In New York

In New York
Rochsmefeller

Sunday 15 July 2012

Meanwhile...of great things and small.


So I wake up last Sunday night and my back is in spasm. I suppose it’s not surprising. There is a theory that stress will do that to you. But I also know I did something to bring it on. I can’t exactly remember what that was, but some awkward movement, some twist and pull finished it off. The upshot was two days off work and a visit to my physiotherapist. So, he tells me my pelvis is out of alignment and one leg is longer than the other.  I have been advised by a colleague to acquire a parrot. Thanks Susan. Exercise is good – walking especially. Some gentle back exercises. No Pilates for the moment (actually I haven’t been to Pilates in ages) no massage – that would be the wrong thing. There is lots of inflammation, so I have to wait for that to go down. It’s getting better and I went to work on Friday. It was painful to drive, but I could actually do it. I couldn’t have driven on Monday, that’s for sure.
Anyway, it gave me a fresh insight into one aspect of Roch’s condition. When you can’t do things for yourself and you have to rely on other people, it’s hard. No bending down, no lifting, no reaching or stretching. You’d think I’d be grateful as it meant there were so many jobs around the house that I couldn’t do. But I just found it frustrating to wait for Tom or Kate to do them instead and I certainly don’t have Roch’s patience, as he waits for tasks to be carried out for him. We were like two unfit ninety year olds this week, shuffling slowly and painfully around, easing in and out of chairs.  

On Thursday the lovely Shelley (Occupational Therapist) arrived with someone from an equipment supplier, so that Roch could scope out a new piece of equipment – planning for the future. There we were, as I say, like two ninety year olds, gazing at what was basically a hospital commode in our living room. Of course, it makes sense.  Before a hoist is needed, we’ll need to be able to shift Roch onto a moveable toilet frame and it was important to take measurements and discuss requirements, including add-ons for different stages (like neck support). They are ordering a commode frame which can be wheeled over the bio bidet, or used with a pan in the bedroom, or used without the pan to wheel Roch into the shower.  It makes perfect sense and still we gazed in a kind of depressed disbelief. I’d say it felt like we were practising for old age, except it isn’t, is it? At least, not in Roch's case. Funny, an acquaintance asked me how my husband was recently and then told me that she’d watched a programme about the care of the elderly. She said it made her cry. I looked at her for a moment.
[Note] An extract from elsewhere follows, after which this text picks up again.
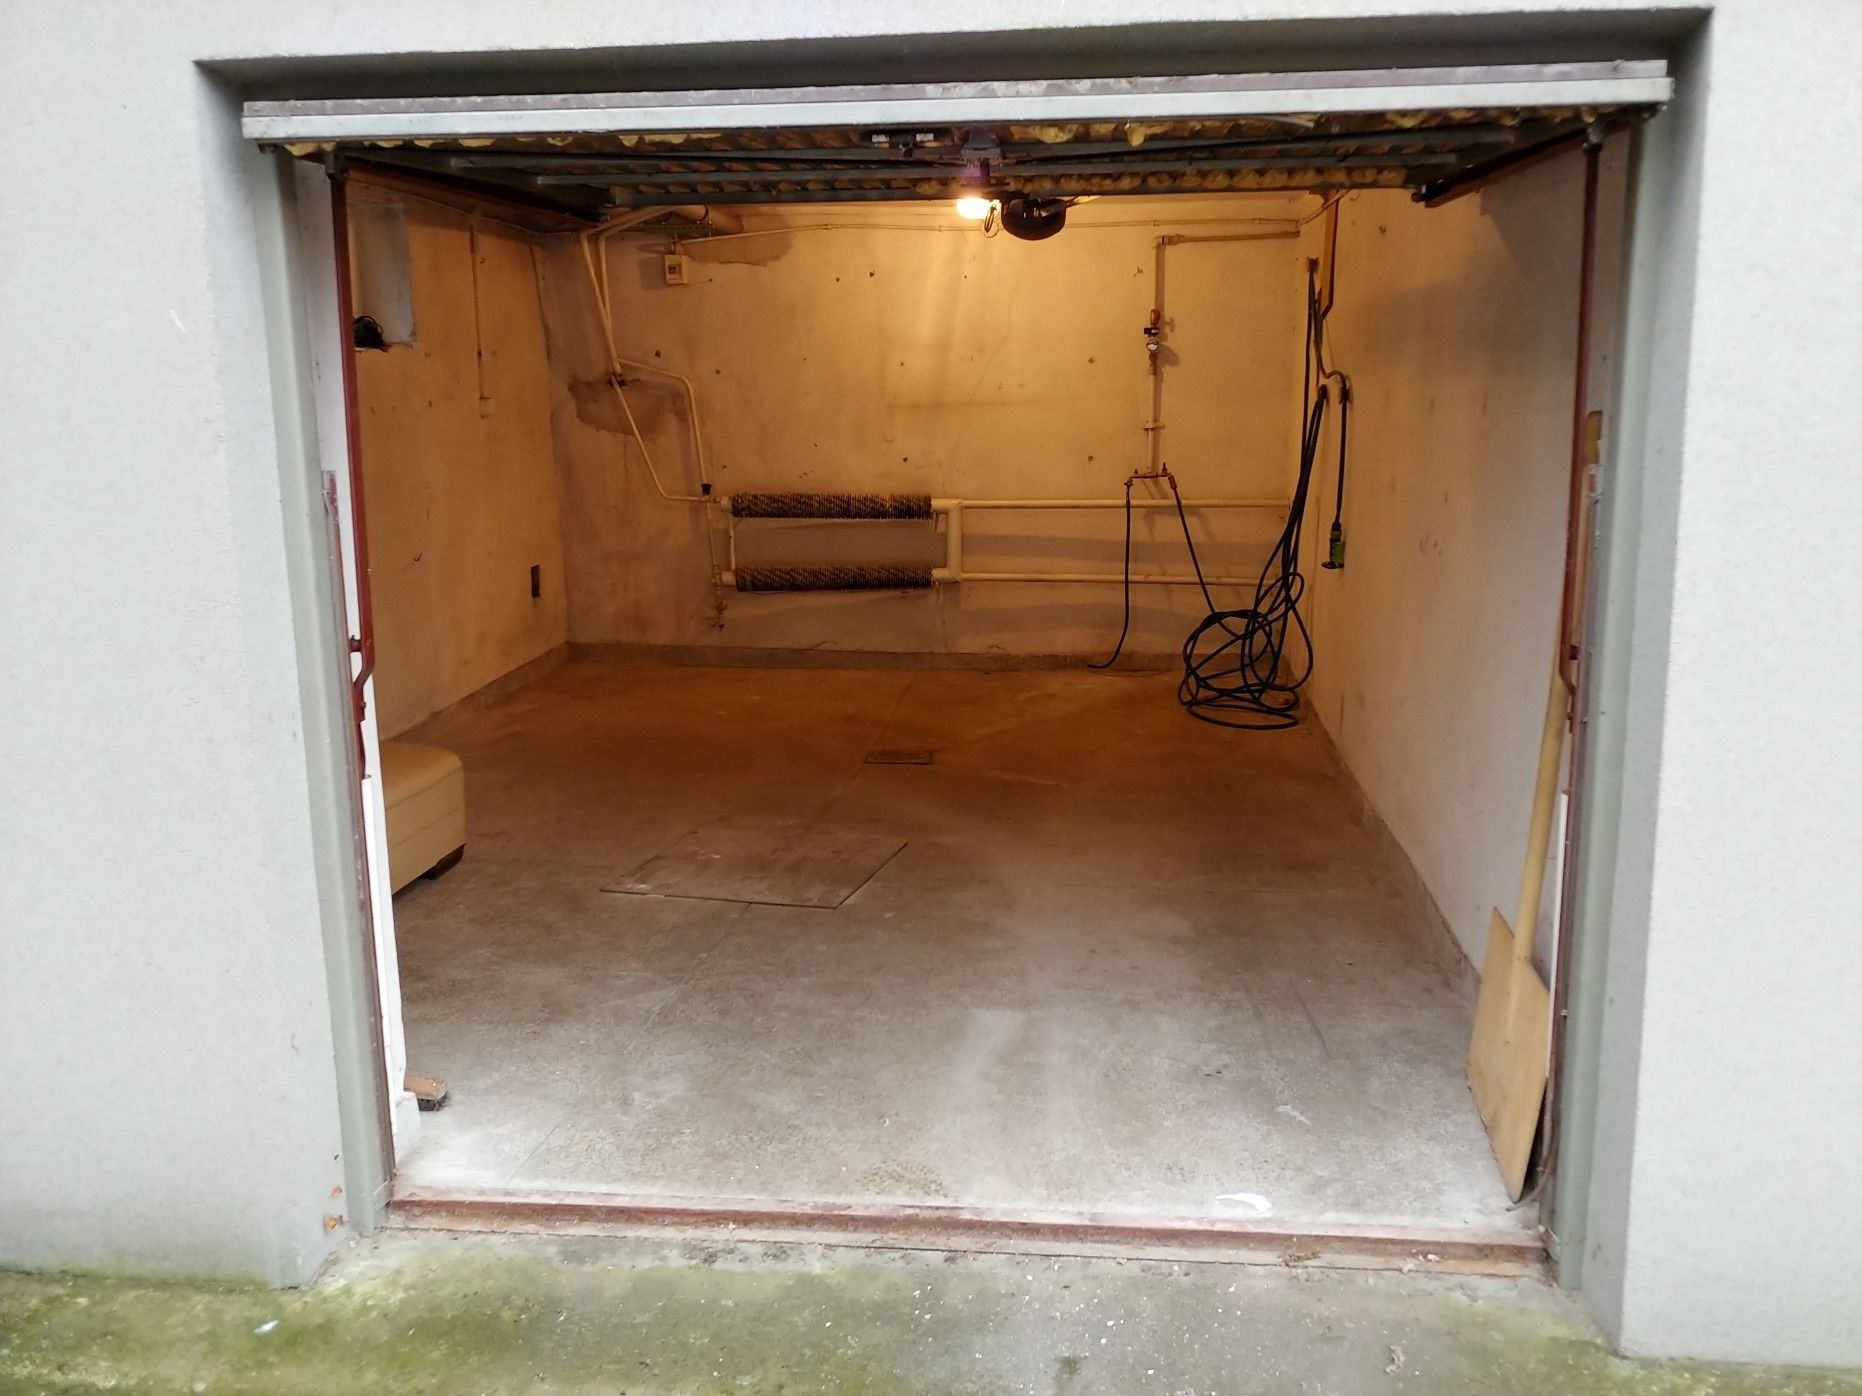 Magazyn Garaż murowany ogrzewany światło prąd Woronicza storage box

I saw how she had made the connection, but it still made me cross.  I told her “Roch is 50.”

Anyway, Shelley was lovely and made it much easier to contemplate and discuss the use of commodes. I’m not sure her companion was quite prepared for Roch’s question about how to deal with the smell. It’s a good question. He doesn’t want the downstairs of our house to smell like crap. Shelley suggested the match trick. Light a match and blow it out, the sulphur smell helps to mask the stink. Like Scarlett O’Hara, I won’t think about that now.  Monika, I will cross that bridge when I come to it.

Credit where credit is due, Shelley is determined that we will be prepared and that the right equipment will be available when it is needed and with not a moment’s delay. She knows what motor neurone disease is.
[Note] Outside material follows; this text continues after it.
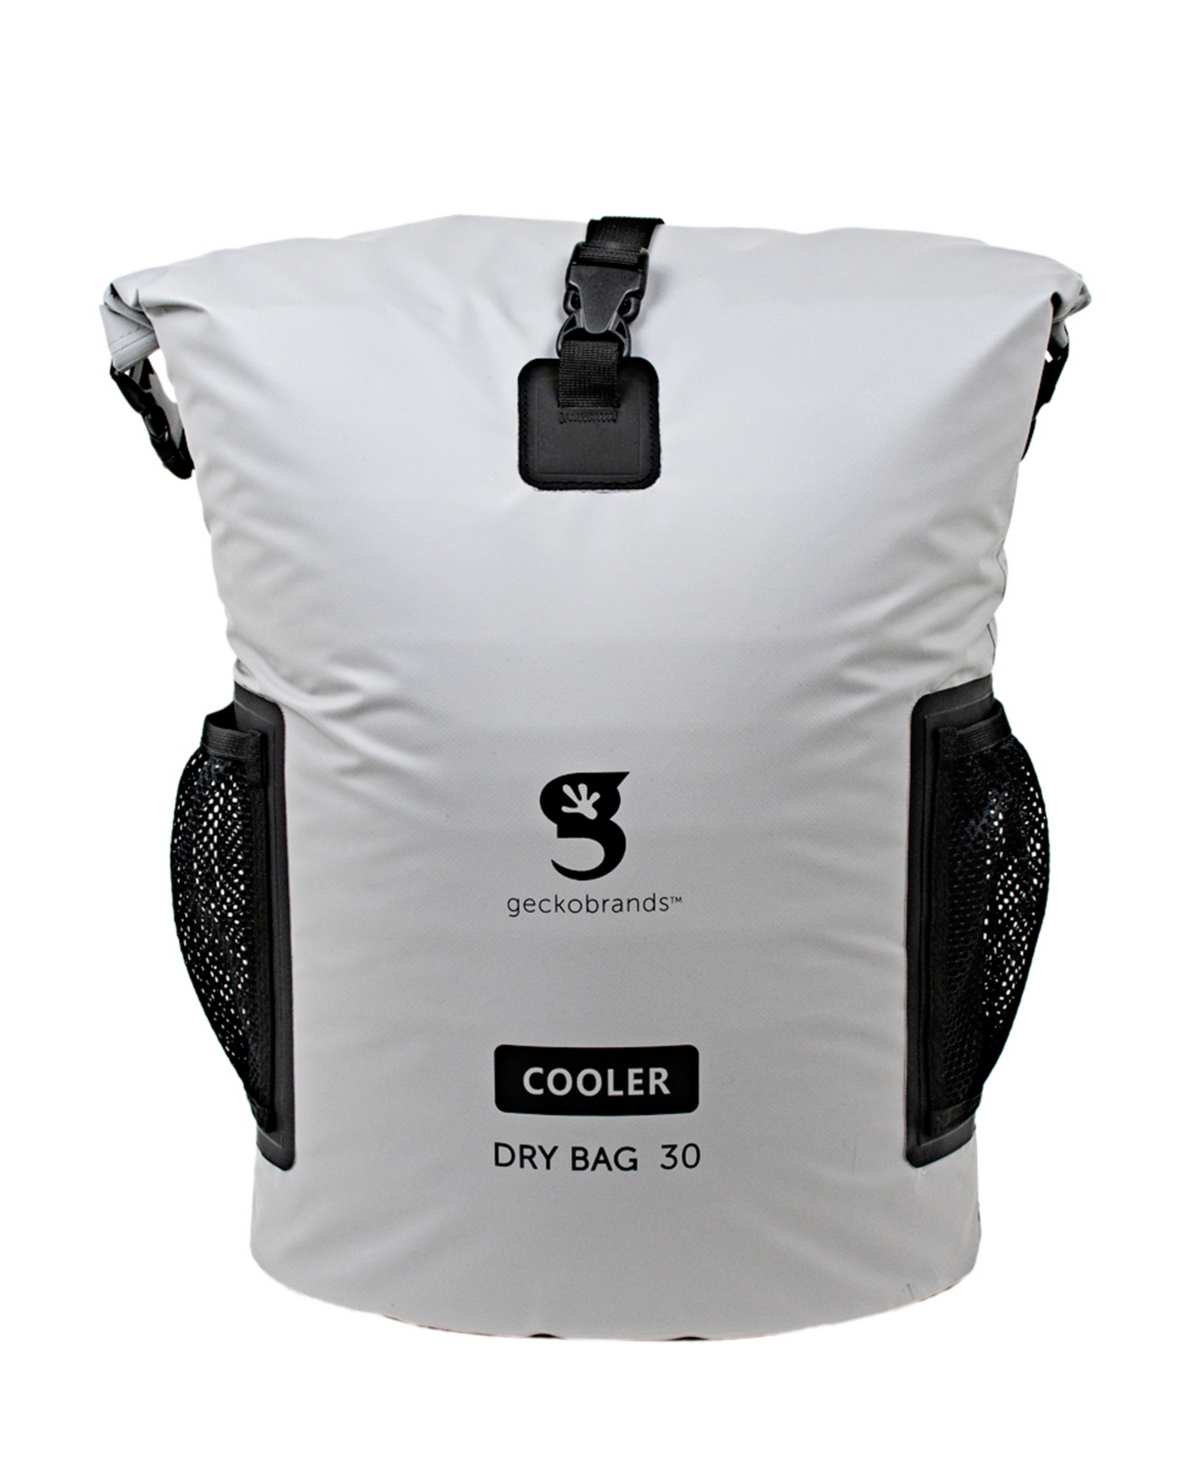 Geckobrands Backpack Dry Bag Cooler In Gray

But I looked at that commode and I thought of other wives, other partners who care for their loved ones with motor neurone disease. I thought of carers whose partners are further along in the journey than Roch. We are following the same path.  I know for them there are days spent in a seemingly endless cycle of transfers on and off the commode, wiping, cleaning.  They say that some days are harder to bear than others. We’ve talked about the ‘crushing sadness’ of watching the physical disintegration of our partners. It’s hard for anyone else to understand what that's like.

We weep and we wipe. That’s what MND wives (and MND husbands and partners) do.   I believe that there is a special kind of love in this and a special kind of courage. This is sharing the darkness.
Mother Teresa said “Not all of us can do great things, but we can do small things with great love.”

That's all we can do. The great things go down in history, are recorded on film, make the headlines and that's as it should be. They inspire us. But meanwhile, in countless homes all over the world, small things are done every day, with great love and I think that's a great thing.